These days, smartphones are as common a schoolyard accessory as book bags and brightly-colored sneakers. But while the average 10-year-old spends a lot of time immersed in online games and social-networking sites like Instagram and YouTube, many of these places aren’t very kid-friendly.
I believe there’s a simple way to make the internet a less racist, sexist and offensive place. In order to diminish hate speech and increase digital diversity, we have to teach kids how to code.
The costs of cyberbullying
Cyberbullying can pose a real health risk for adolescents, according to recent research from the American Academy of Pediatrics. Several recent studies support this claim. Despite teens’ savvy use of the internet, they also experienced shame, embarrassment and humiliation even when going online to forge social connections and participate in public life, according to a comprehensive seven-year study by Microsoft Research’s Danah Boyd. And a number of high-profile news stories about the victims of cyberbullying offer dark reminders of how damaging online slurs and threats can be for young people.

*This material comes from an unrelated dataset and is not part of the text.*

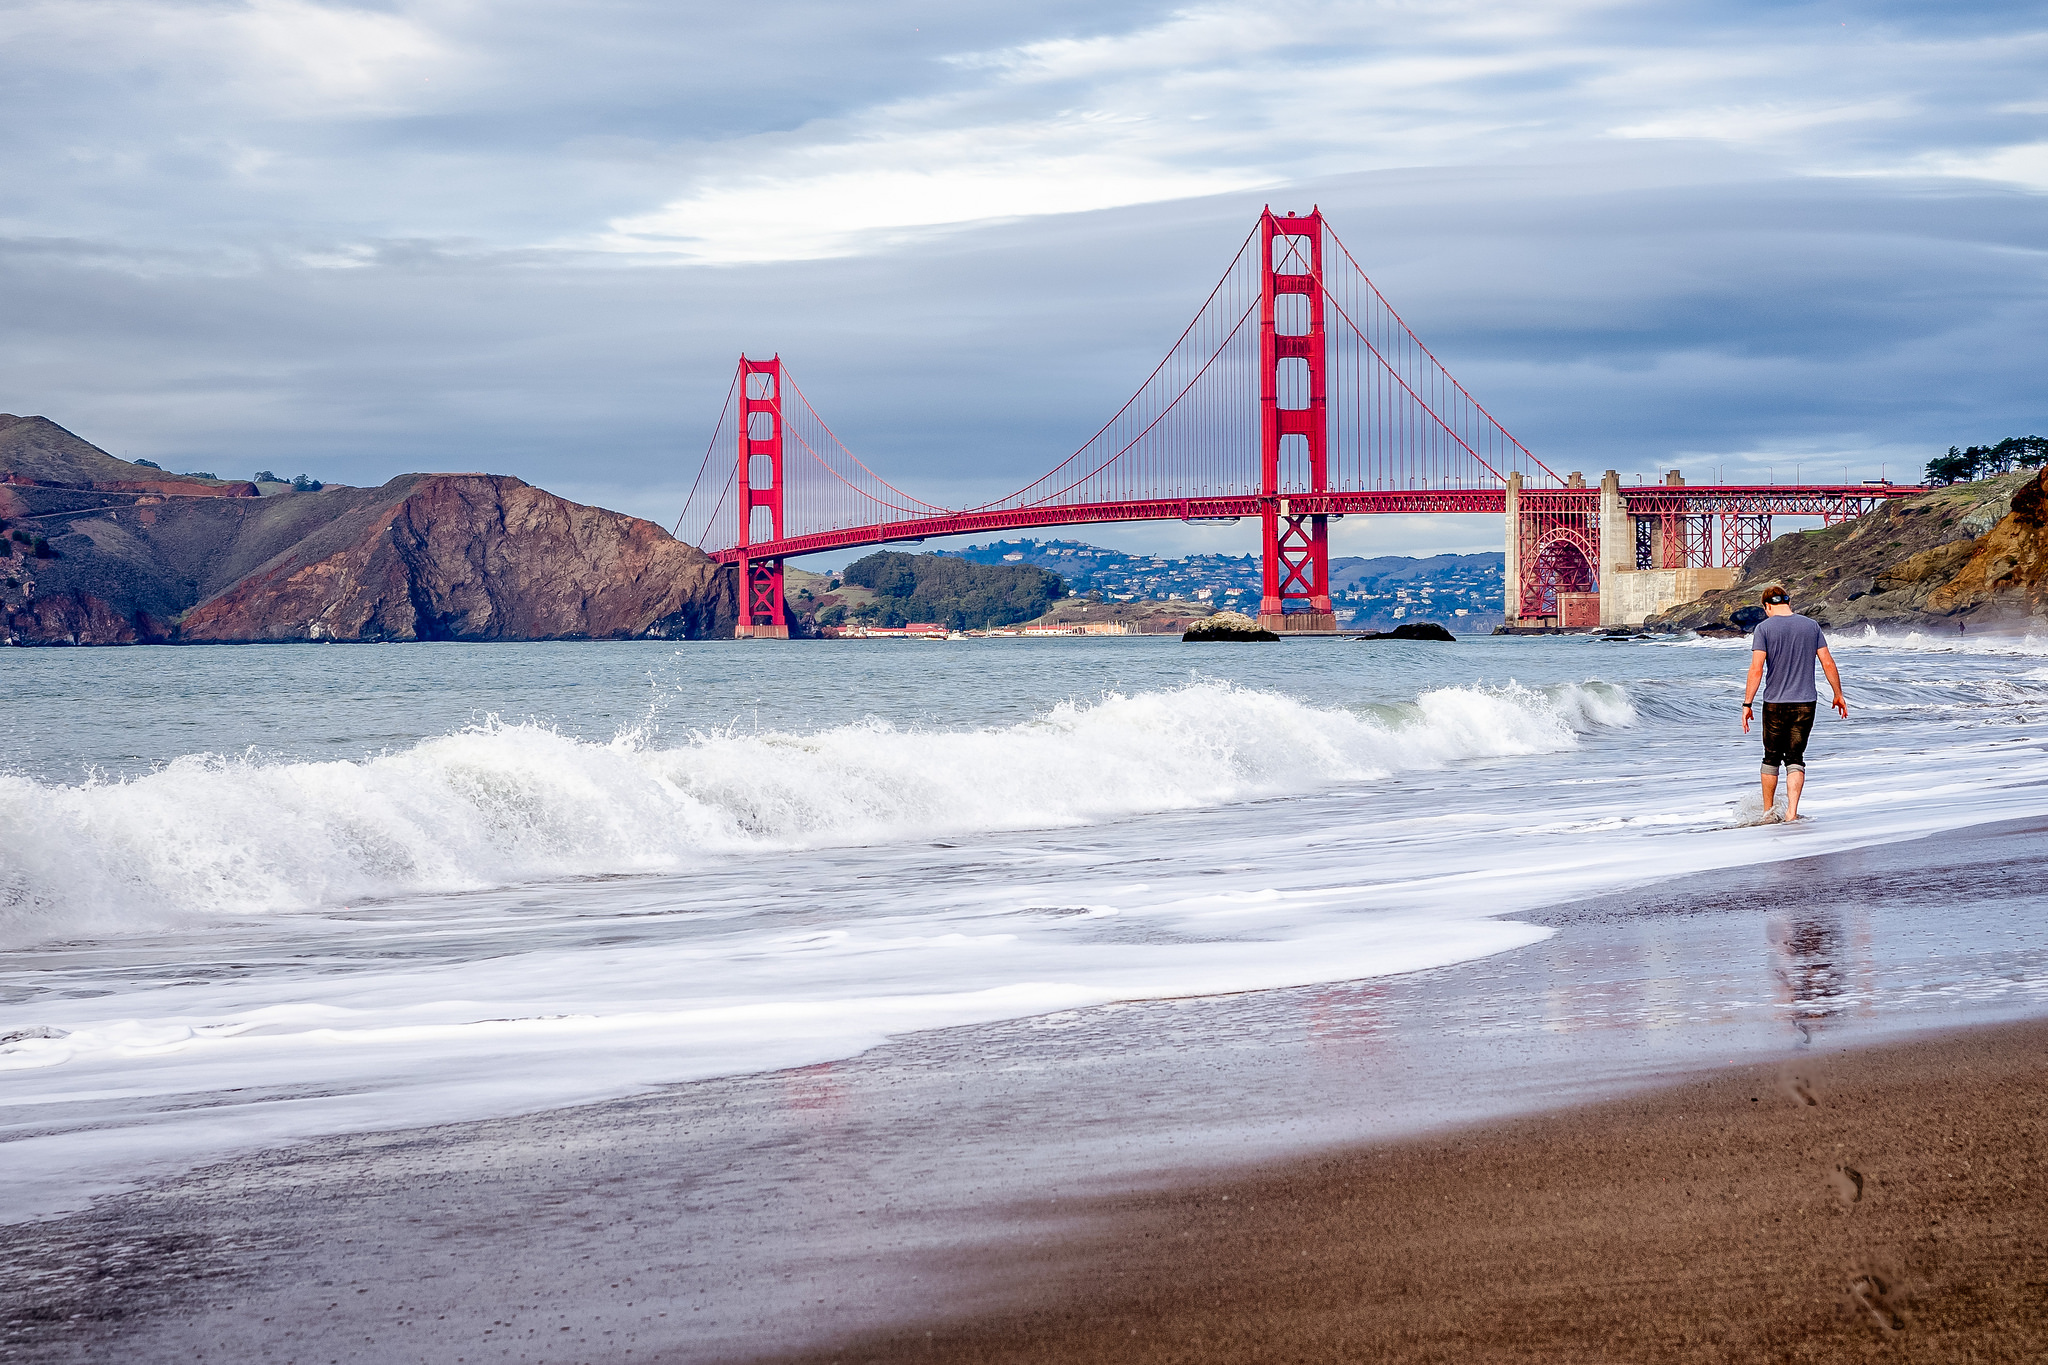 Le Golden Gate Bridge, pont rouge emblématique de San Francisco. Crédit photo @gags9999 - Flickr

Offensive comments also flourish on social media. A depressing sampling of racist and sexist comments are collected at the Twitter accounts @YesYourRacist and @YesYoureSexist. Facebook pages such as “It’s Not Racist If It’s Funny” or “I Love Being White,” with more than 12,000 fans, clearly create hostile environments for young users.
Teaching kids to code might be an effective way to change the landscape. If kids feel confident that they have the tools to change their online environments, they will be empowered to take action. Children who are the targets of harassment on social-networking sites could create alternative networks for themselves and their friends that reflect their values.

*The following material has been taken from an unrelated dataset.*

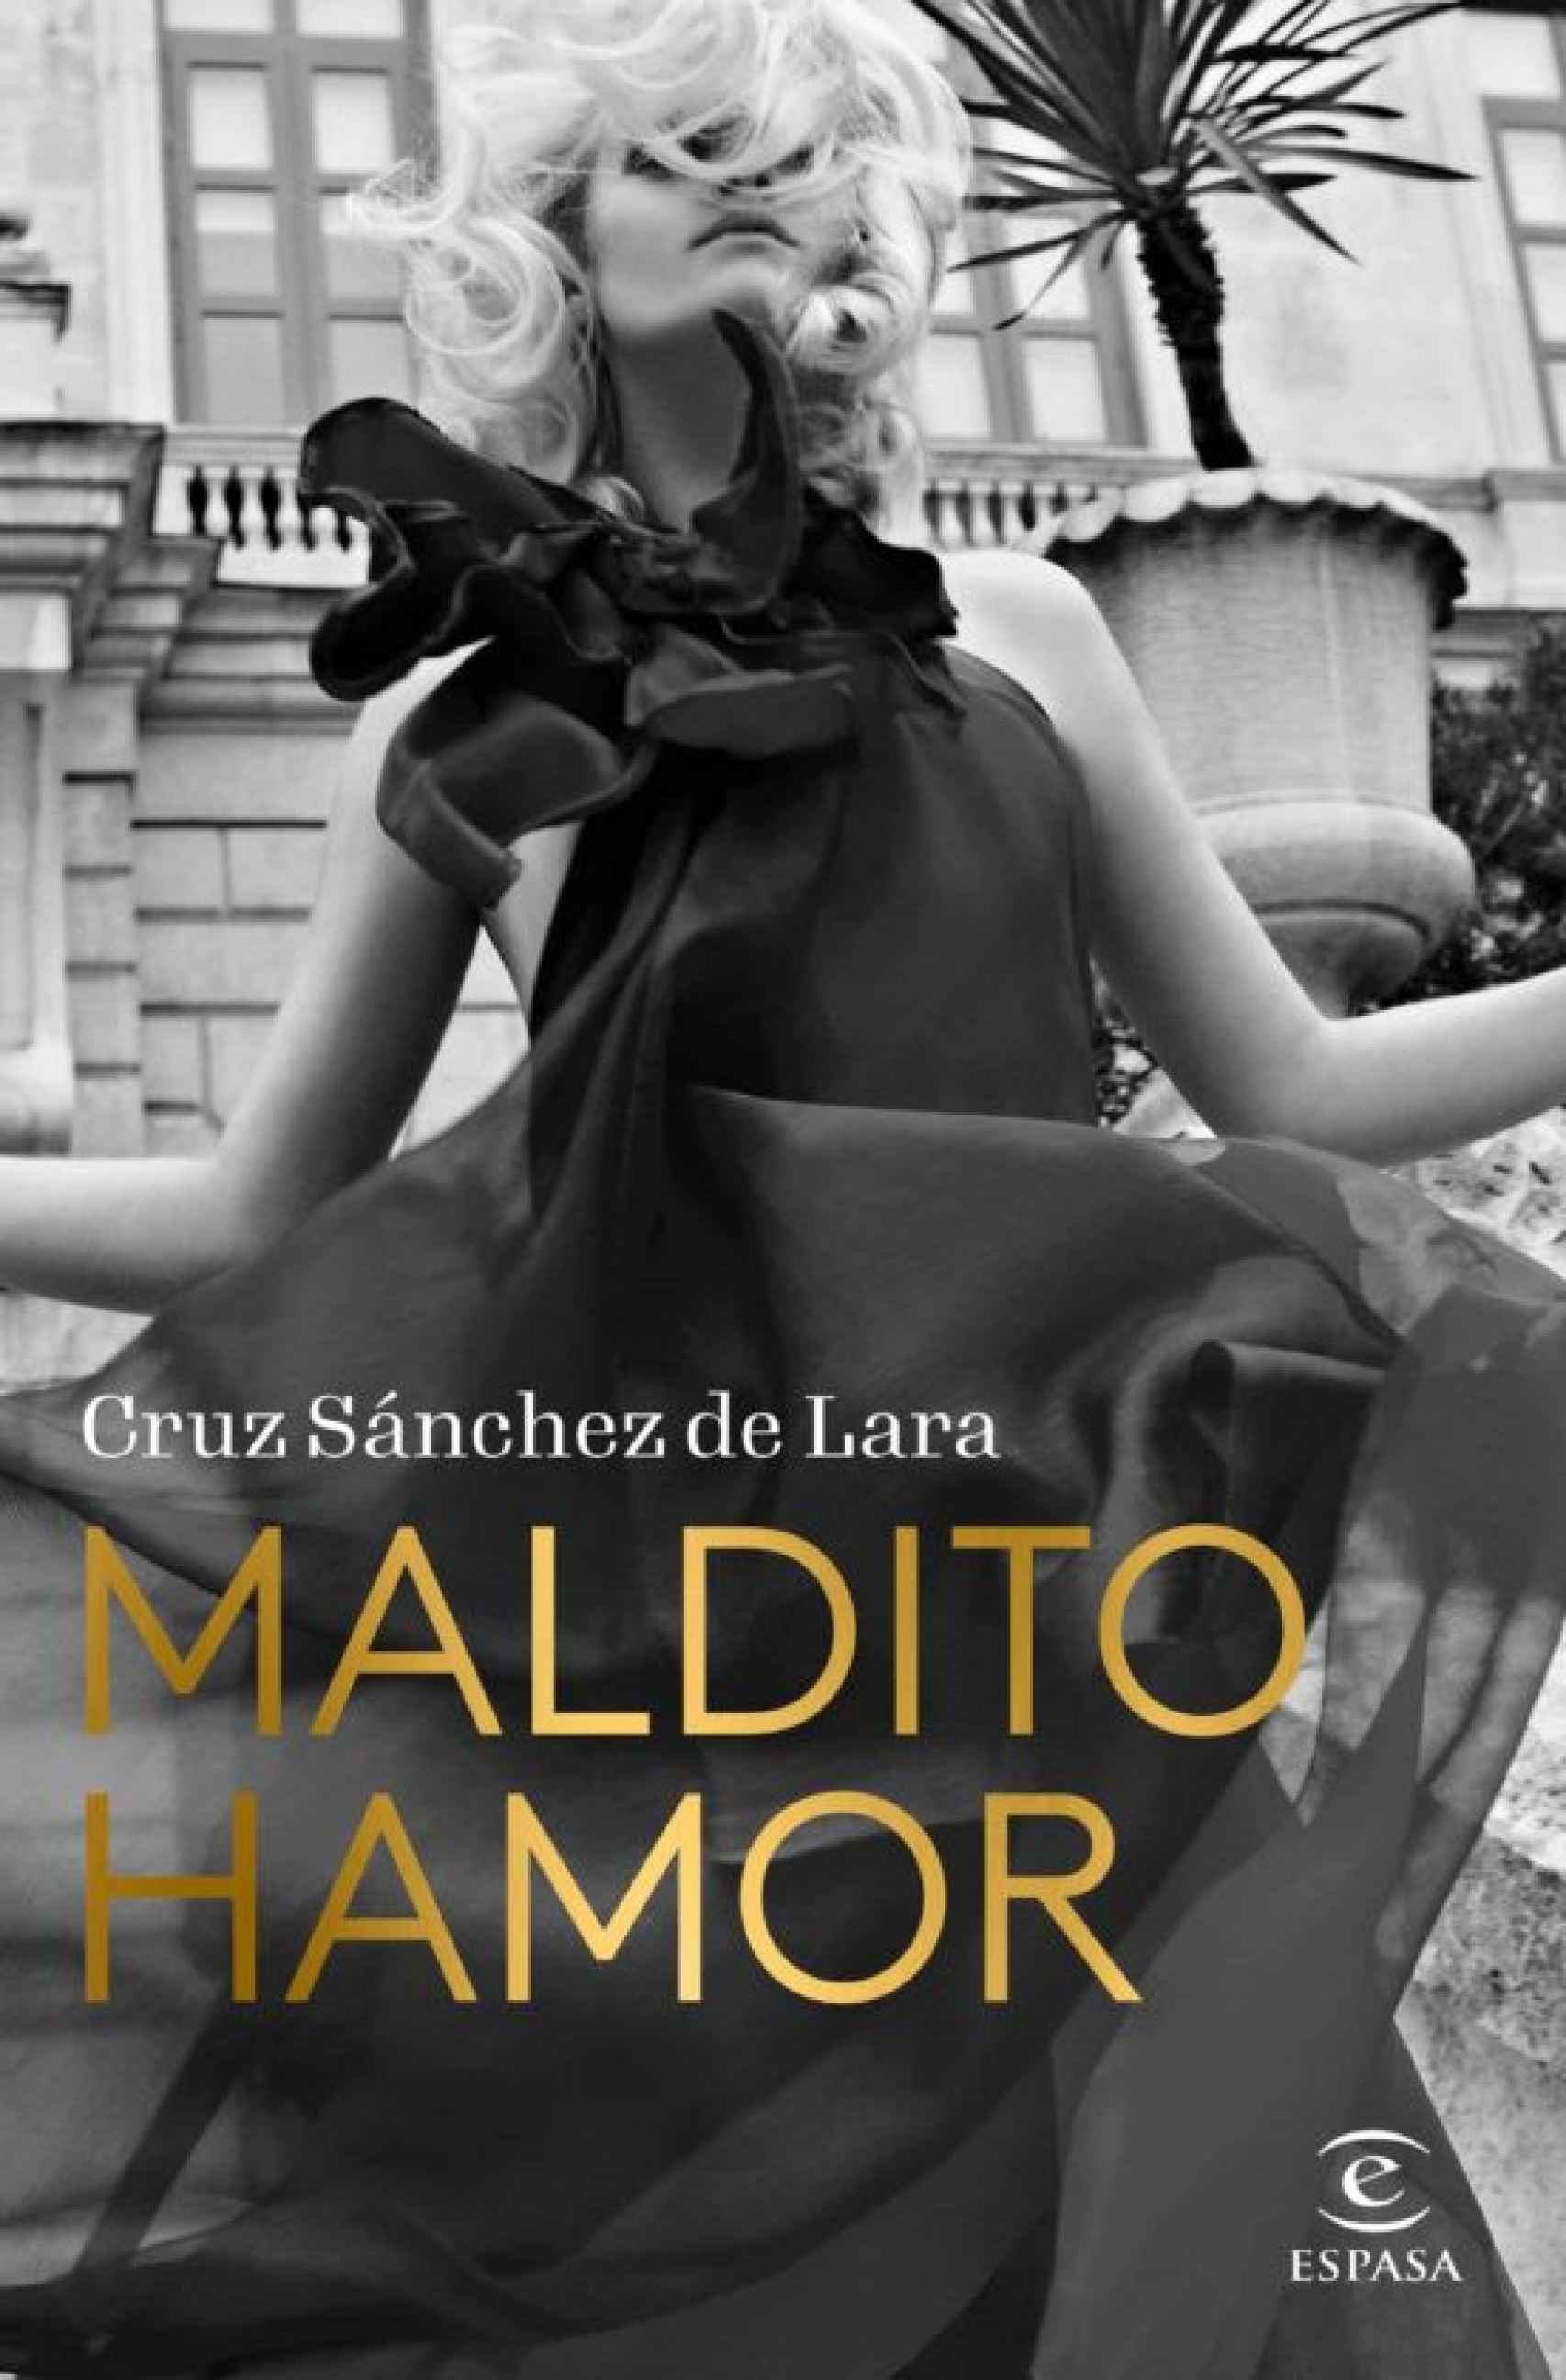 Portada de 'Maldito Hamor', el nuevo libro de Cruz Sánchez de Lara.

Empowering kids with coding might also result in small victories, from deleting an offensive comment on Yik Yak to adding a hashtag that puts a rude tweet in its place. These options are already available, but kids will be more likely to use them if they’re accustomed to taking an active role in shaping their digital spaces.
Changing gaming culture from the inside out
Stereotypical representations of race and gender also continue to proliferate in gaming culture. (Witness the racist and misogynous trappings of Grand Theft Auto, an enduringly popular series.)
Many games also continue to imagine default players as white and male. For instance, the popular game Minecraft automatically generates a white male avatar named “Steve” for all players starting the game. My ten-year-old daughter, with limited digital knowledge, had to navigate out of the game to a related website to turn her avatar into a girl—but she couldn’t find an avatar that wasn’t white. Had she been a coder, however, she could have easily imported an avatar with a different skin color into the game using of the choices made by older coders, or even designed her own.
In fact, many of these problems could be addressed if children learn to make digital games and apps while they are still very young. When we teach kids coding skills, we equip them to make inclusive games that feature diverse characters and points of view.
An assignment as simple as asking children to create an app or a game that reflects the diversity of their city or school would prepare them to change the games and apps they use when they are older. This may be able to give rise to a gaming culture where hate speech is not an accepted norm.
There are other benefits to coding as well. Coding can actually improve school-aged children’s learning skills and attitudes and create positive behavior changes, as Debra Leiberman, director of the Center of Games Research at University of California, Santa Barbara, explained in a recent keynote address.
Numerous coding lessons aimed at children between kindergarten and fifth grade already exist and are easy to use, including ones offered by The Kahn Academy, Code.org, Youthspark, Codeacademy.com, and Starterleague.com. Last week, Code.org unveiled Building a Galaxy with Code, a Stars Wars-themed coding game with a section specifically aimed at 6-10 year-olds that allows kids to code on multiple platforms, including smartphones, and in multiple languages. There’s also a free “Code with Anna and Elsa” project for fans of Disney’s Frozen.
With these tools readily available, schools should make coding and game creation a regular part of the general education curriculum for third-to-fifth graders. Let’s empower students to be creators of online culture as well as consumers.